The Uncomfortable Truth About Being Open-hearted
After a Spiritual Awakening Unleashes All Your Emotions
Back to “All Is Love”
Honestly, to say that all is love is a profound thing, but you can’t think of love as human love. Human love is a mix of body chemicals, and it would be really silly to say everything in the known universe is this set of body chemicals. Is a star called a magnetar a mix of dopamine, serotonin, and whatever other chemicals in our body create the emotion and sensation of love? No. Of course not.
Ultimately, if we are talking about true love–which most people in such an experience aren’t actually saying – we talking about pure neutrality. We’re talking about the profound acceptance that is the fabric of everything that never denies the existence of anything. Is the magnetar unconditionally accepted in this universe? Yes. Is the Indian Ocean unconditionally accepted? Yes. Are the freckles on someone’s skin accepted? Yes. Is systemic racism accepted? Yes. Is genocide accepted? Yes.
I know. I pulled a hard right turn on you, didn’t I? But unconditional acceptance is what it is. In our tiny corner of the universe and on this tiny blue rock, we have a lot of choices that we make about how to structure society, and quite clearly, we have the freedom to be kind or cruel.
And it’s usually the unconscious ego making us cruel. This is why finding freedom from our individual egos is foundational to creating a kinder society.
This all leads back to doing inner work. In so doing, we can understand our ego and how it tries to see whatever it wants to see. A pessimist has a spiritual experience, and she believes it is the end of the world because of her ego lens. An optimist has a body opening spiritual experience, and he believes that salvation is at hand because of his ego lens. Again and again, the ego distorts our perceptions of reality.
Sitting in the Unknown
One of the biggest and most important parts of the spiritual path is sitting with the unknown. When we have a spiritual experience of some kind and particularly if we are new to such things, we have to just allow it – not categorize it, act on it, or do something else. Most experiences don’t need any kind of immediate/urgent action anyway. After awhile, we can then write about the raw emotions, images, sensations, and other stuff with as little interpretation as possible.
And then, we probably do nothing with it while continuing to journey inwards.
However, the more someone dissolves the ego, the more a person can return in hindsight to an experience to more accurately frame it from a space of clarity if any re-framing is needed in our present moment. In this way, wise action and understanding can be derived from small spiritual epiphanies to profound spiritual revelations, and that can help a person go further in realizing spiritual freedom.
For more help on common misunderstandings, please check out these posts:
5 Misunderstandings About Spiritual Awakening
5 Misunderstandings About Spiritual Freedom
4 Comments
Thank you for sharing your words of wisdom.
You're welcome, Eduardo.
Acceptance that genocide & systemic racism exist, I understand. But how does taking a neutral stance towards these practices, lead to creating a better society? I am asking honestly, not trying to be argumentative.

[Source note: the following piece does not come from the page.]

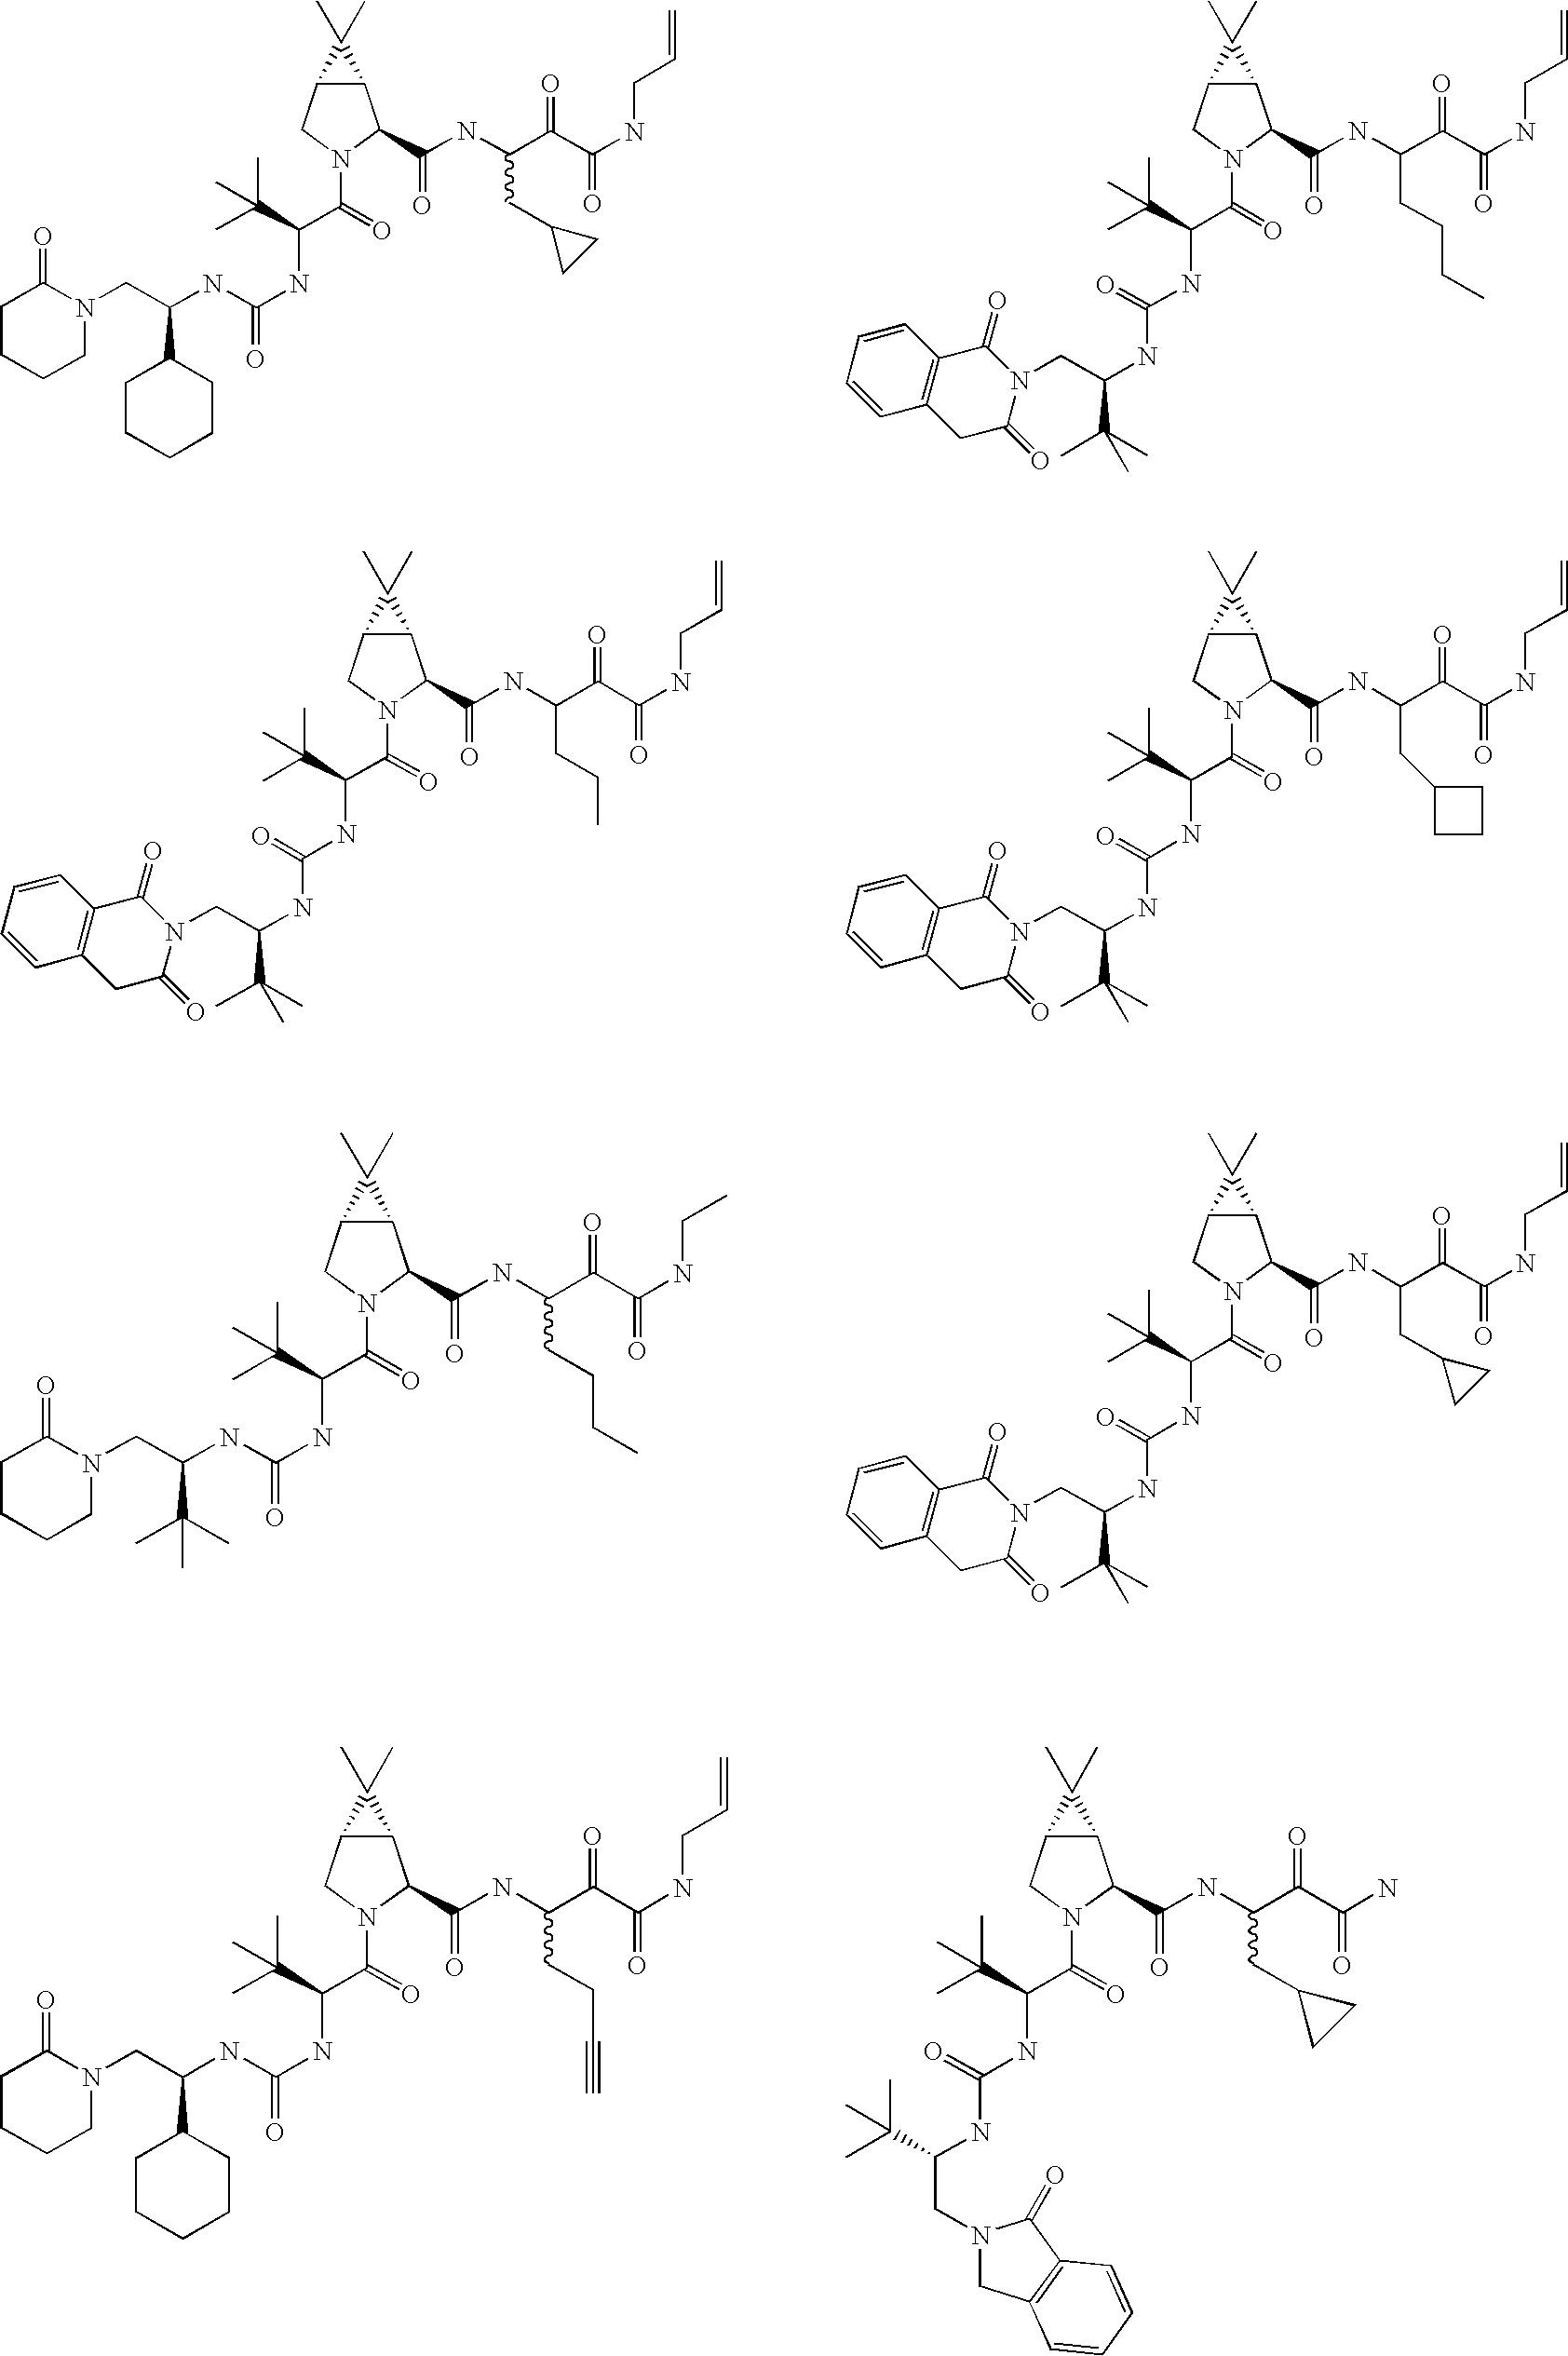 Figure US20060287248A1-20061221-C00425
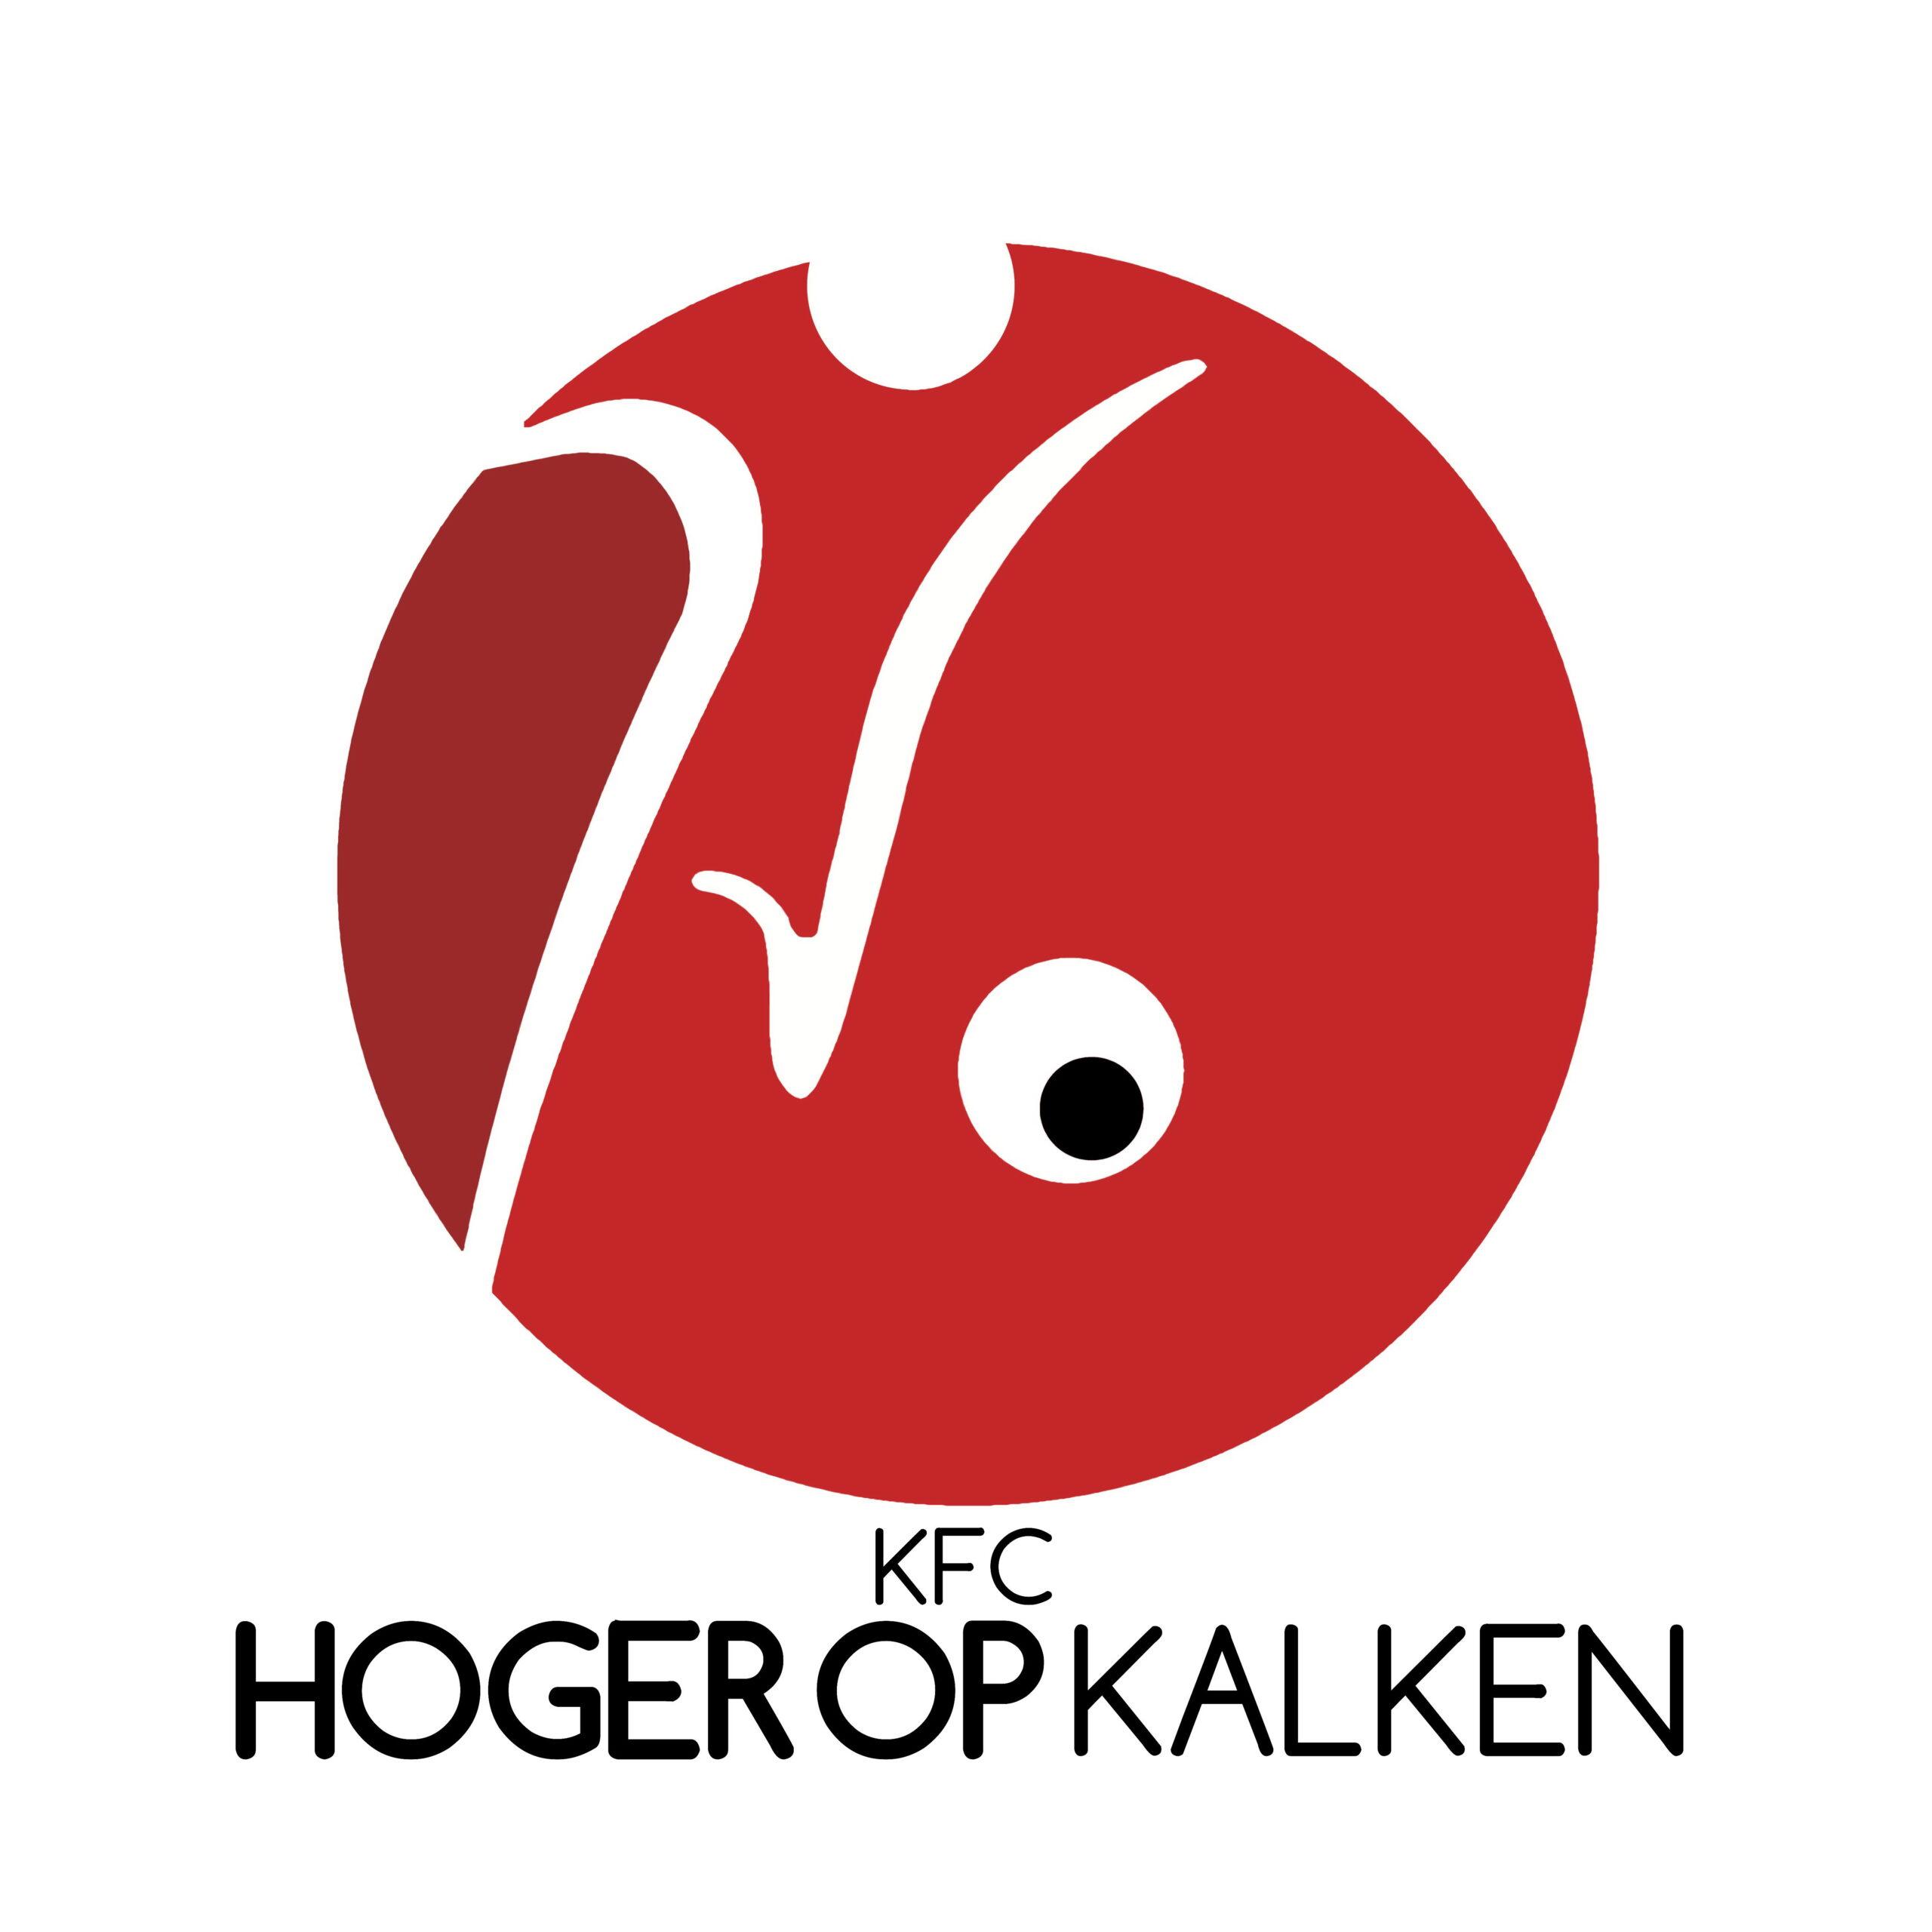 KFCHO Kalken A

Because when you are non-reactive, you look to really see the situation and the root causes. When you do that, you can finally resolve the issues and the real reasons that they came up.
When most people are reactive, they tend to blame and demonize and over-simplify complex situations which tends to engender more suffering. It's like the Treaty of Versailles–instead of seeing the role of everyone in WWI, the winners blamed Germany and the other losers. They punished them severely, and in the eyes of many historians, this helped create WWII.